For a pooling region R, max pooling computes:
y = max(x_i) for all x_i in R
Max pooling provides a form of translational invariance: if a feature such as an edge shifts slightly within the pooling window, the output remains the same as long as the maximum value does not change. This property helps CNNs recognize patterns regardless of their exact spatial position, although the invariance is local and breaks down for shifts larger than the pool size.
Average pooling computes the arithmetic mean of all values in the pooling window. For a pooling region R containing n elements:
y = (1/n) * sum(x_i) for all x_i in R
Average pooling produces smoother output feature maps compared with max pooling because it considers all values rather than only the peak activation. It was the original form of pooling used in LeCun's LeNet-5 (1998), where the subsampling layers computed the sum of four neighboring inputs, multiplied by a trainable coefficient, added a trainable bias, and passed the result through a sigmoid. Each S2 channel had only two trainable parameters (one weight and one bias), and the same scheme was used in S4.
In practice, max pooling tends to outperform average pooling in most classification tasks because it preserves the strongest signals and produces sparser, more discriminative features. However, average pooling can be preferable when smoother feature representations are desired, such as in certain generative models, when the input contains significant noise, or in transition layers that aggregate dense features. DenseNet (Huang et al., 2017) uses 2x2 average pooling in its transition layers between dense blocks for this reason.
Global average pooling (GAP) computes the mean of each entire feature map channel, collapsing the spatial dimensions to a single value per channel. For an input of size H x W x C, GAP produces an output of size 1 x 1 x C.
GAP was introduced by Lin, Chen and Yan (2014) in the "Network in Network" paper as a replacement for the fully connected layers that traditionally appeared at the end of CNN classifiers. In their approach, the final convolutional layer produces one feature map per class and GAP averages each map into a single scalar that is fed directly into a softmax. This eliminates the large fully connected layers that dominated the parameter count in architectures like AlexNet and VGGNet. The original NIN paper notes that GAP enforces correspondence between feature maps and classes, which makes the final layer easier to interpret and acts as a structural regularizer because there are no parameters in the GAP itself.

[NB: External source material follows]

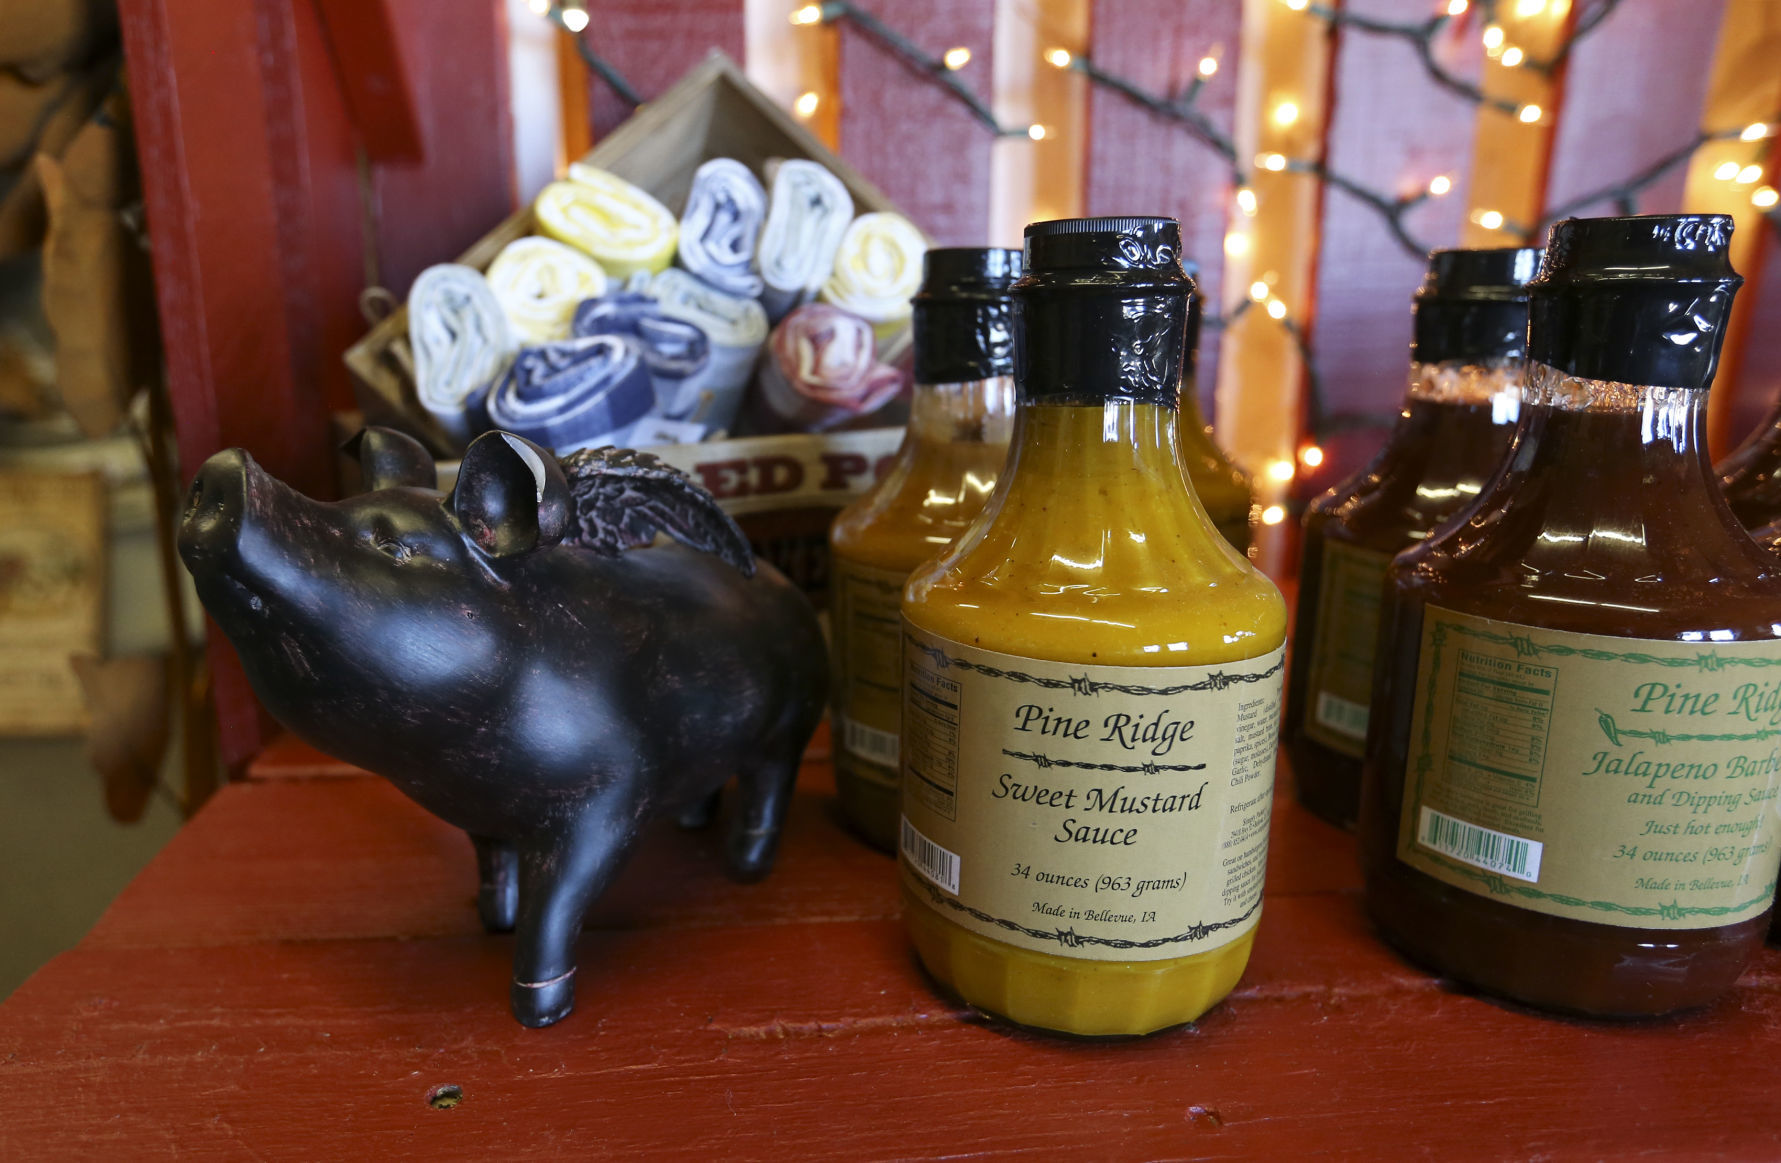 Pine Ridge Sweet Mustard Sauce sold at Simply Parker

The advantages of GAP over fully connected layers include:
GAP became a standard component in modern architectures. GoogLeNet (Szegedy et al., 2015), ResNet (He et al., 2016), DenseNet (Huang et al., 2017), and EfficientNet (Tan and Le, 2019) all use GAP before the final classification layer. GAP is also a key ingredient in class activation maps (Zhou et al., 2016), where the spatial average is reversed to localize discriminative regions per class.
Global max pooling takes the maximum value from each entire feature map channel, producing a 1 x 1 x C output from an H x W x C input. It is less common than GAP in classification networks but is used in certain architectures and tasks where preserving the single strongest activation per channel is more informative than the average response. Multiple-instance learning models, weakly supervised localization heads, and some text classifiers (Kim, 2014) use global max pooling because it picks out the most active feature regardless of how many positions support it.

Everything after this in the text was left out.